All dies drückt sich besonders stark in der Rockmusik aus, deren oft gutes, manchmal sogar übersteigertes textliches Niveau dank der Shazam-App ich in letzter Zeit immer wieder habe studieren und bewundern können.
Sie ist durchaus nicht mehr reine Volksverdummung, wie die linken Dogmatiker der Frankfurter Schule behauptet haben, allen voran Theodor W.Adorno oder Herbert Marcuse. Im Gegenteil.
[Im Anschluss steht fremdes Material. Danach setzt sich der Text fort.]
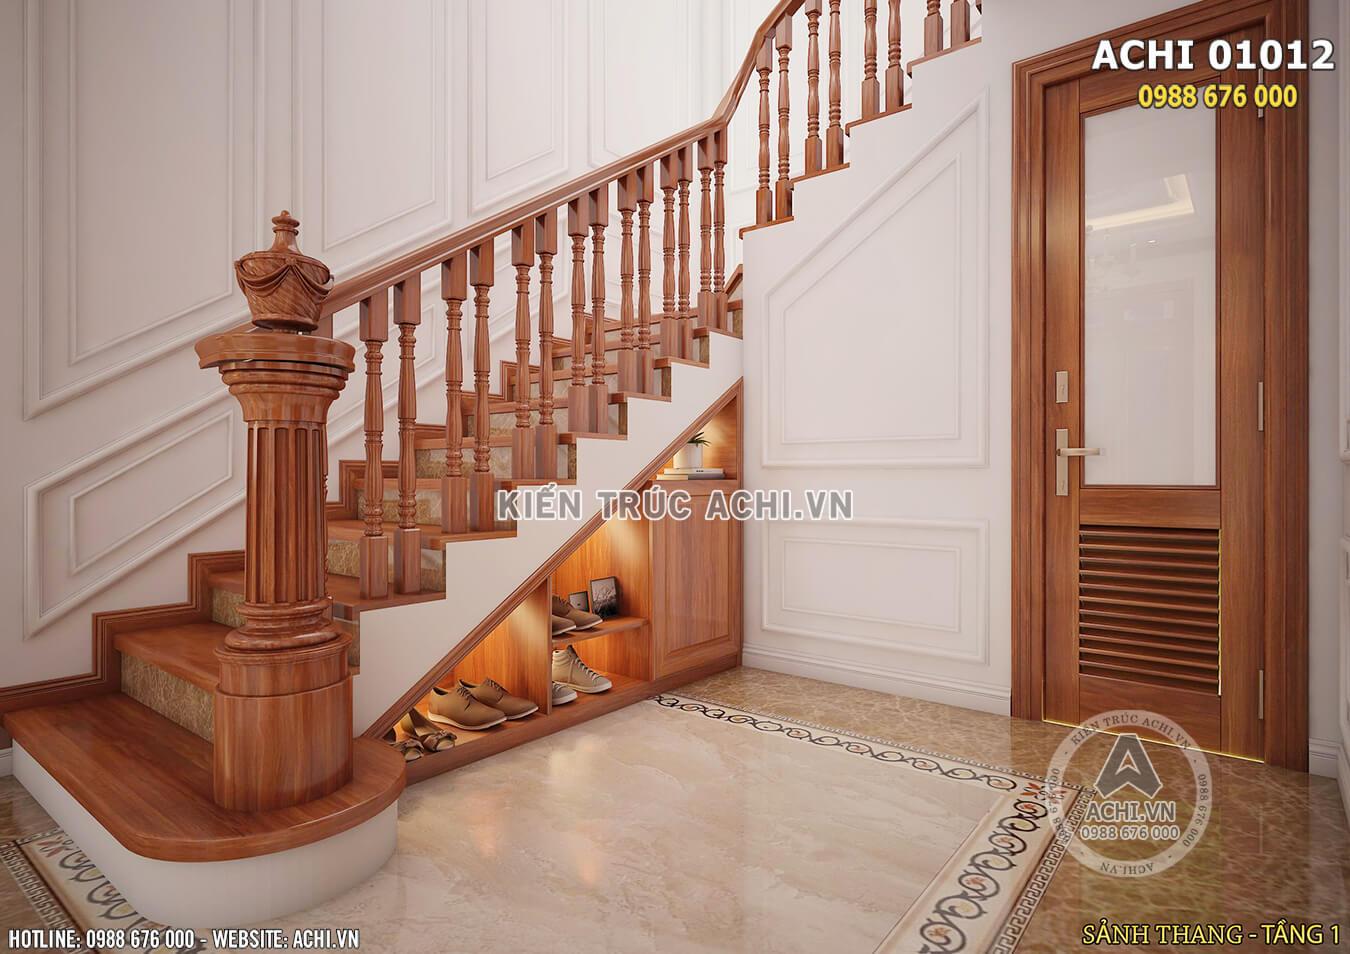 Khu vực dưới cầu thang được tận dung làm kệ để giày tiện nghi
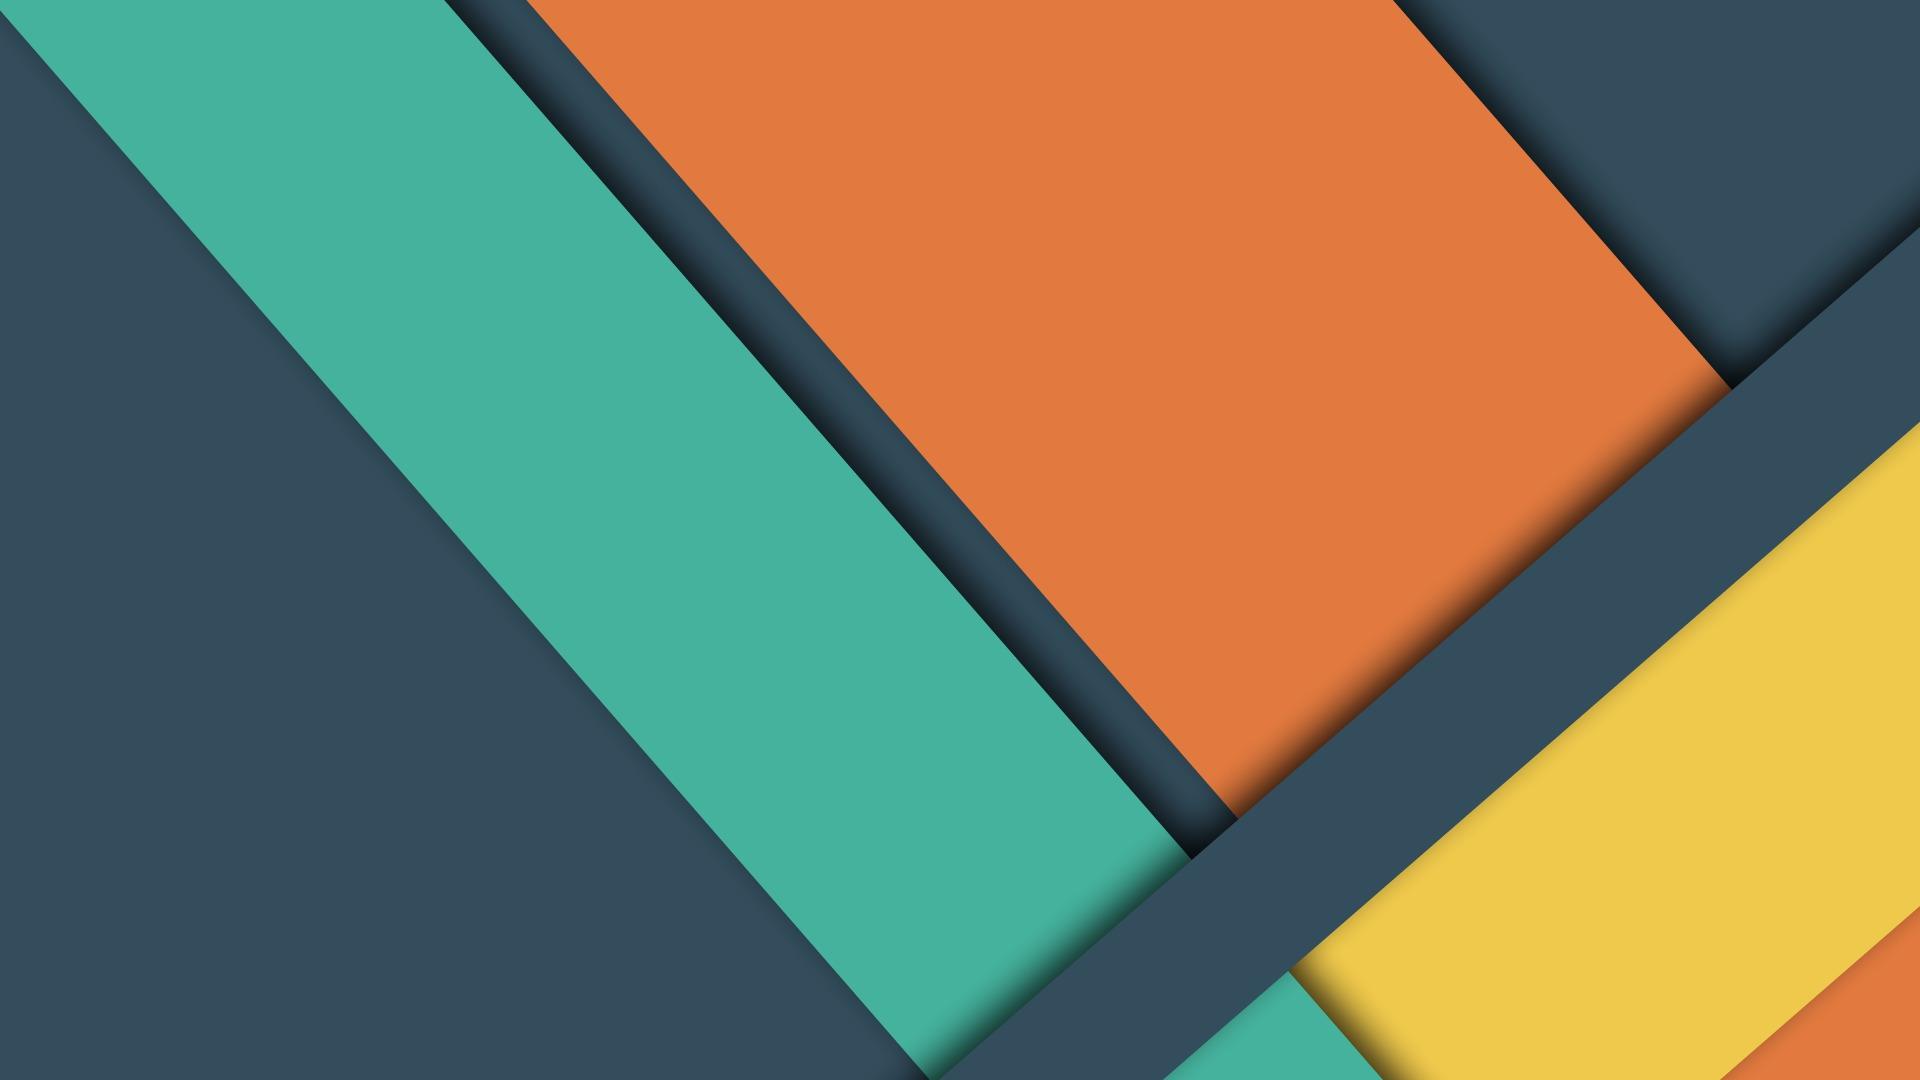 Линии фигуры material design  № 3215730 без смс

Ich denke, unter dem Einfluss von John Lennon und Bob Dylan hat sich in dieser Musikrichtung, die vielleicht an die Zeit von John Dowland nahtlos wieder anzuknüpfen vermag, ein künstlerisches Niveau samt politischem oder auch poetischem Realismus entwickelt, das viele kontinentaleuropäische Strömungen wie „Neue Musik“, Atonalität, experimenteller Avantgardismus oder auch den weiter um sich greifenden Historismus in der Opernkultur deutlich in den Schatten zu stellen vermag.
Wenn Kunst ein Leben spiegelt, wie es ist, sein sollte, sein könnte oder auch ein solches Leben diskutiert, dann ist Rockmusik durchaus Kunst, die nicht nur über das Tanzen den Körper, sondern über viele ihrer Texte auch den Geist und die Seele, vor allem auch das Gefühl anspricht. Was man von der akademischen Musiklehre meist nicht sagen kann. Selbst wenn uns bei der Analyse einer Stockhausen-Komposition der mathematische Kopf brummt.
Um auf meinen letzten Beitrag im Blog über Solipsismus zurück zu kommen: Amy Macdonald beschreibt eindringlich in ihrem Hitsong „Mr. Rock and Roll“ – ich greife wieder rein zufällig dieses Lied heraus aus meiner Sammlung – das Alleinsein, auch Allein-Bleiben-Wollen der neuzeitlichen Solipsisten unserer Zeit.
Und dass diese Zuspät-Gekommenen gerade das verpasst haben, nach dem sie ihr ganzes Leben lang vergeblich gesucht haben – den Sinn nämlich zu finden, warum es sich lohnt, dieses Leben zu leben, zu lieben. Beispielsweise indem wir ein Wir, ein Du finden können, mit dem zu leben es sich lohnt, wie ich glaube.